A high-performance, drop-in replacement for `polymarket-rs-client` optimized for high-frequency trading.

## Quick Start

Add to your `Cargo.toml`:

```toml
[dependencies]
polyfill-rs = "0.1.0"
```

Replace your imports:

```rust
// Before: use polymarket_rs_client::{ClobClient, Side, OrderType};
use polyfill_rs::{ClobClient, Side, OrderType};

#[tokio::main]
async fn main() -> Result<(), Box<dyn std::error::Error>> {
    let client = ClobClient::new("https://clob.polymarket.com");
    let markets = client.get_sampling_markets(None).await?;
    println!("Found {} markets", markets.data.len());
    Ok(())
}
```

**That's it!** Your existing code works unchanged, but now runs significantly faster.

## Why polyfill-rs?

**🔄 100% API Compatible**: Drop-in replacement for `polymarket-rs-client` with identical method signatures

**🚀 Performance Optimized**: Fixed-point arithmetic and zero-allocation hot paths for HFT environments

**📈 Production Ready**: Used in live trading environments processing thousands of updates per second

**🛠️ Enhanced Features**: WebSocket streaming, advanced fill processing, and comprehensive metrics

## Distribution & Usage

### Crates.io Publication
Once published to [crates.io](https://crates.io), users can add polyfill-rs to their projects with a simple dependency declaration. Documentation is automatically hosted on [docs.rs](https://docs.rs/polyfill-rs).

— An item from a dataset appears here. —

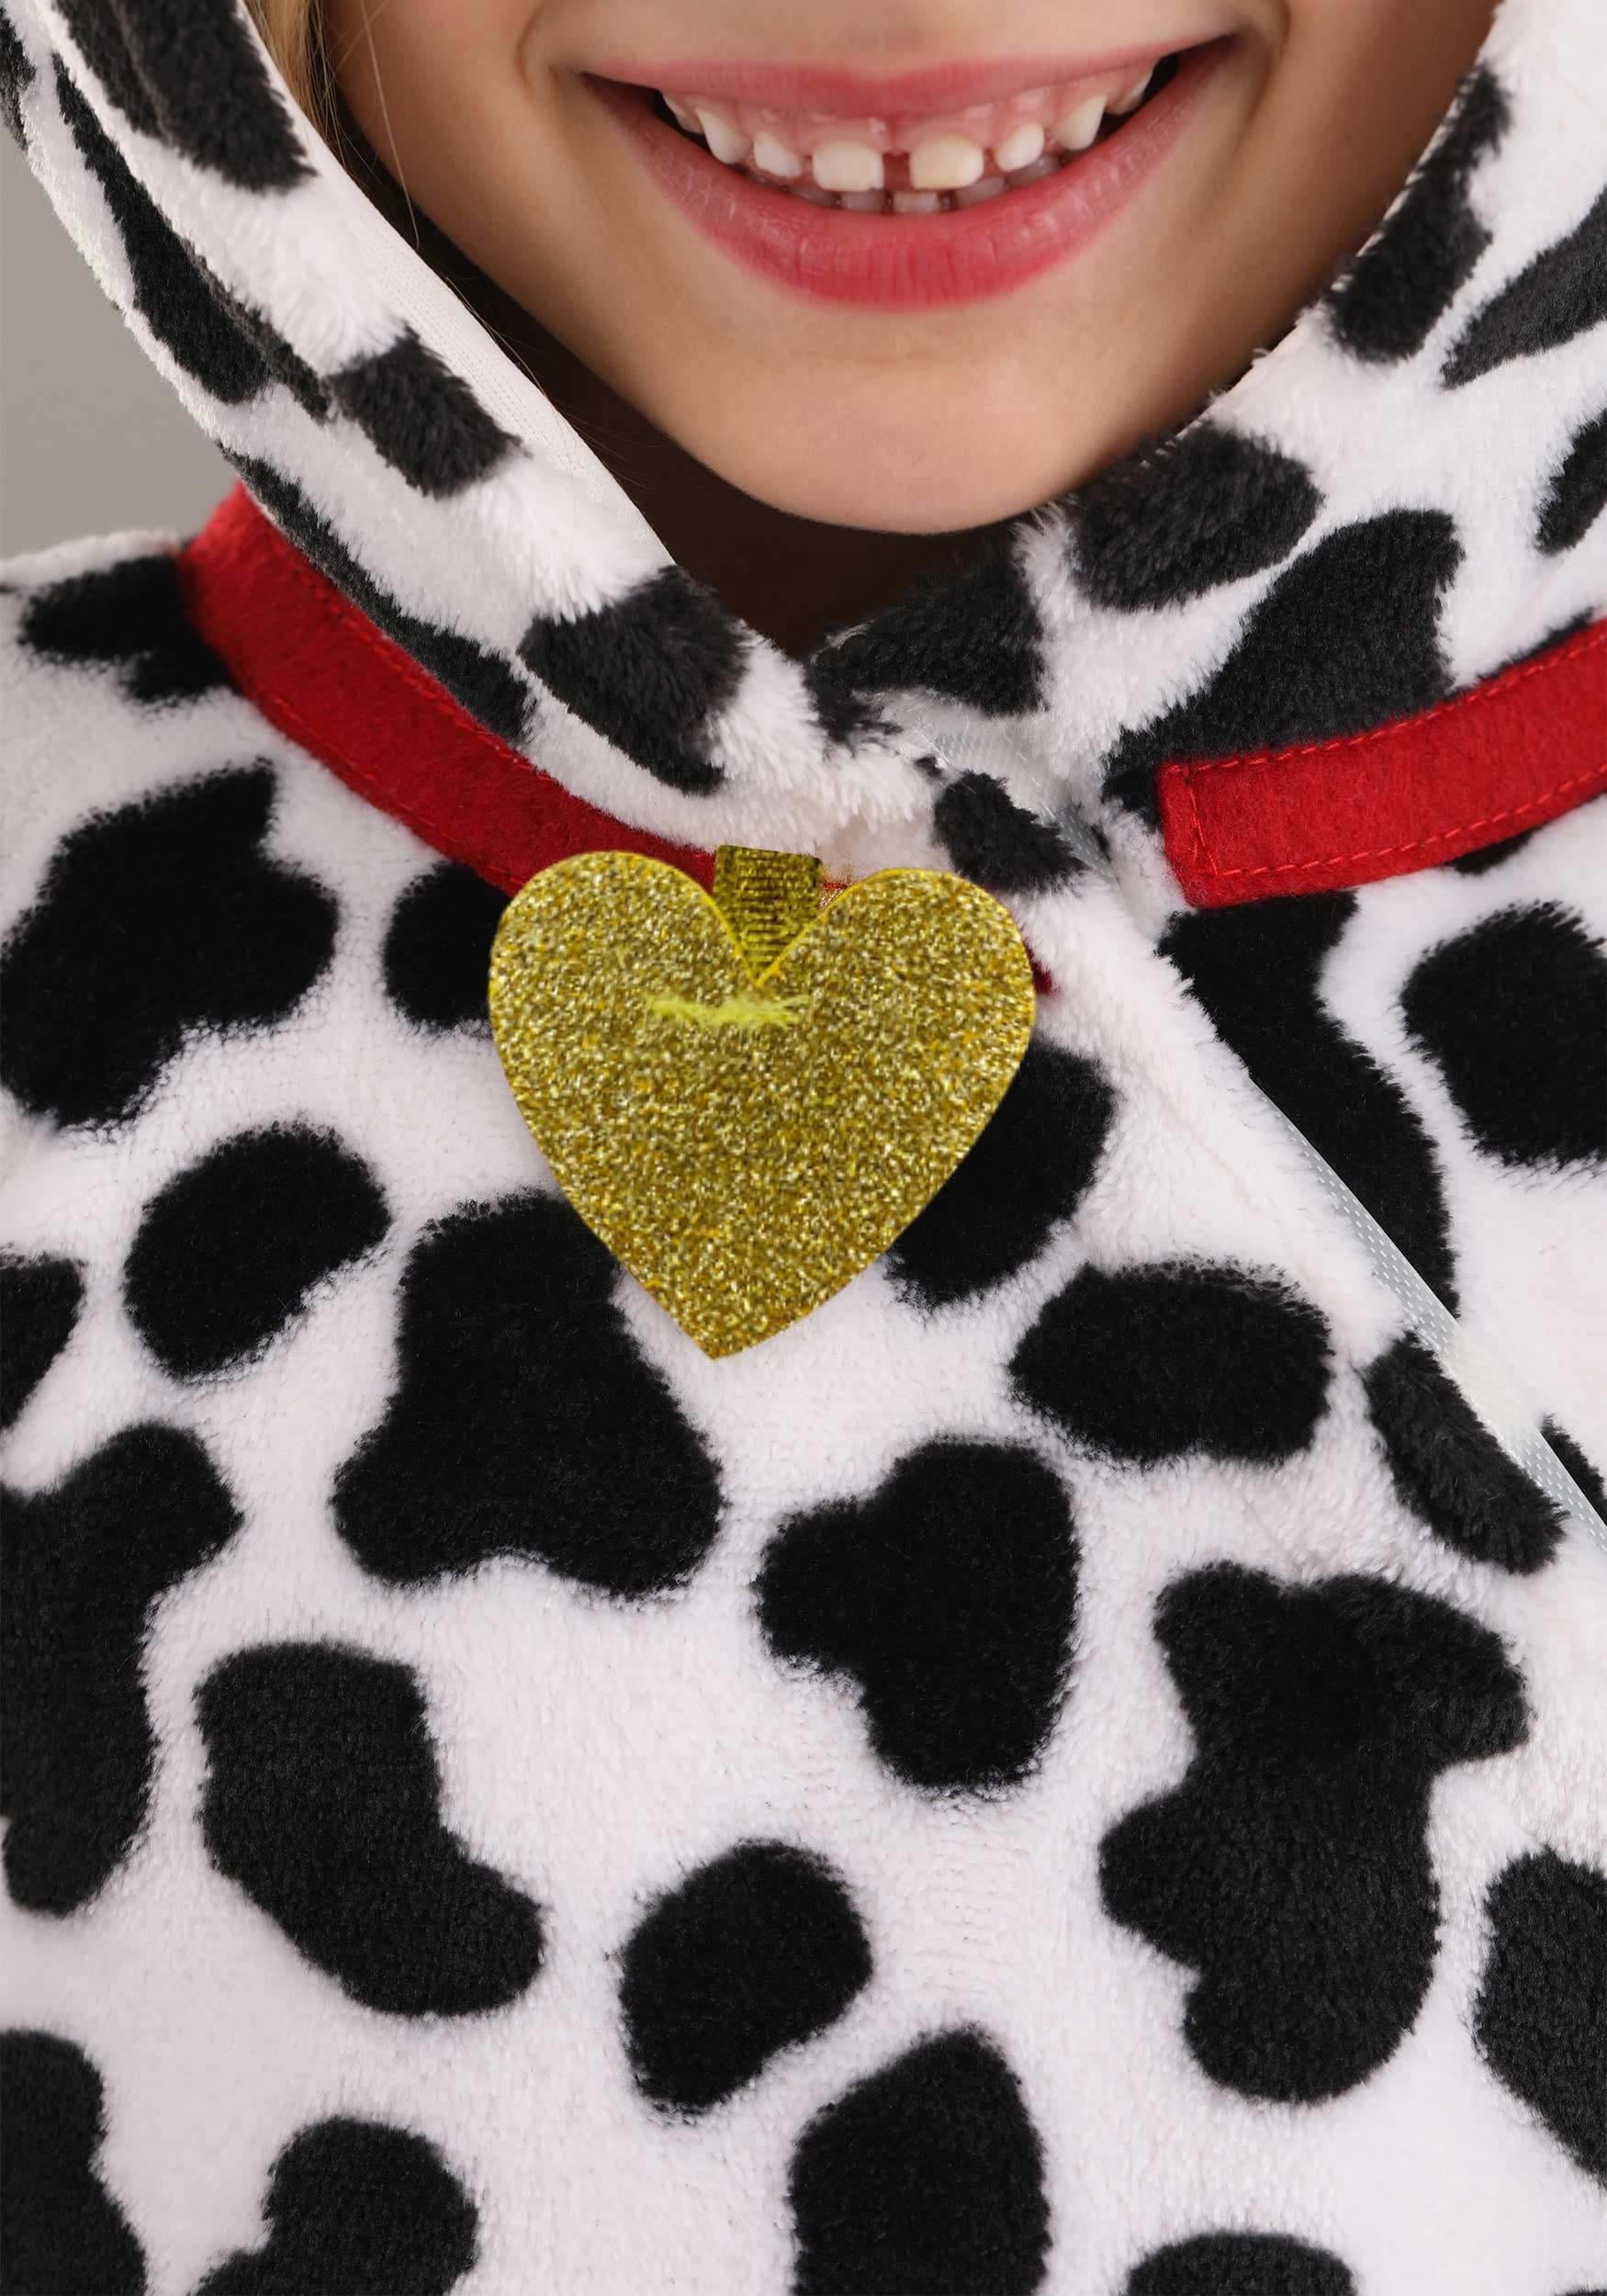 Soft Dalmatian Toddler Tutu Costume

### Migration from polymarket-rs-client
See our [Migration Guide](./MIGRATION_GUIDE.md) for detailed instructions. The process is typically:

1. Update dependency in `Cargo.toml`
2. Change import statements
3. Enjoy improved performance with zero code changes

### Usage Patterns

**Basic Trading Bot:**
```rust
use polyfill_rs::{ClobClient, OrderArgs, Side, OrderType};
use rust_decimal_macros::dec;

let client = ClobClient::with_l2_headers(host, private_key, chain_id, api_creds);

// Create and submit order
let order_args = OrderArgs::new("token_id", dec!(0.75), dec!(100.0), Side::BUY);
let result = client.create_and_post_order(&order_args).await?;
```

**High-Frequency Market Making:**
```rust
use polyfill_rs::{OrderBookImpl, WebSocketStream};

// Real-time order book with fixed-point optimizations
let mut book = OrderBookImpl::new("token_id".to_string(), 100);
let mut stream = WebSocketStream::new("wss://ws-subscriptions-clob.polymarket.com").await?;

// Process thousands of updates per second
while let Some(update) = stream.next().await {
    book.apply_delta_fast(&update.into())?;
    let spread = book.spread_fast(); // Returns in ticks for maximum speed
}
```

## How It Works

The library has four main pieces that work together:

### Order Book Engine
This is where the magic happens. Instead of using slow decimal math like everyone else, we use fixed-point integers internally:

- **Before**: `BTreeMap<Decimal, Decimal>` (slow decimal operations + allocations)
- **After**: `BTreeMap<u32, i64>` (fast integer operations, zero allocations)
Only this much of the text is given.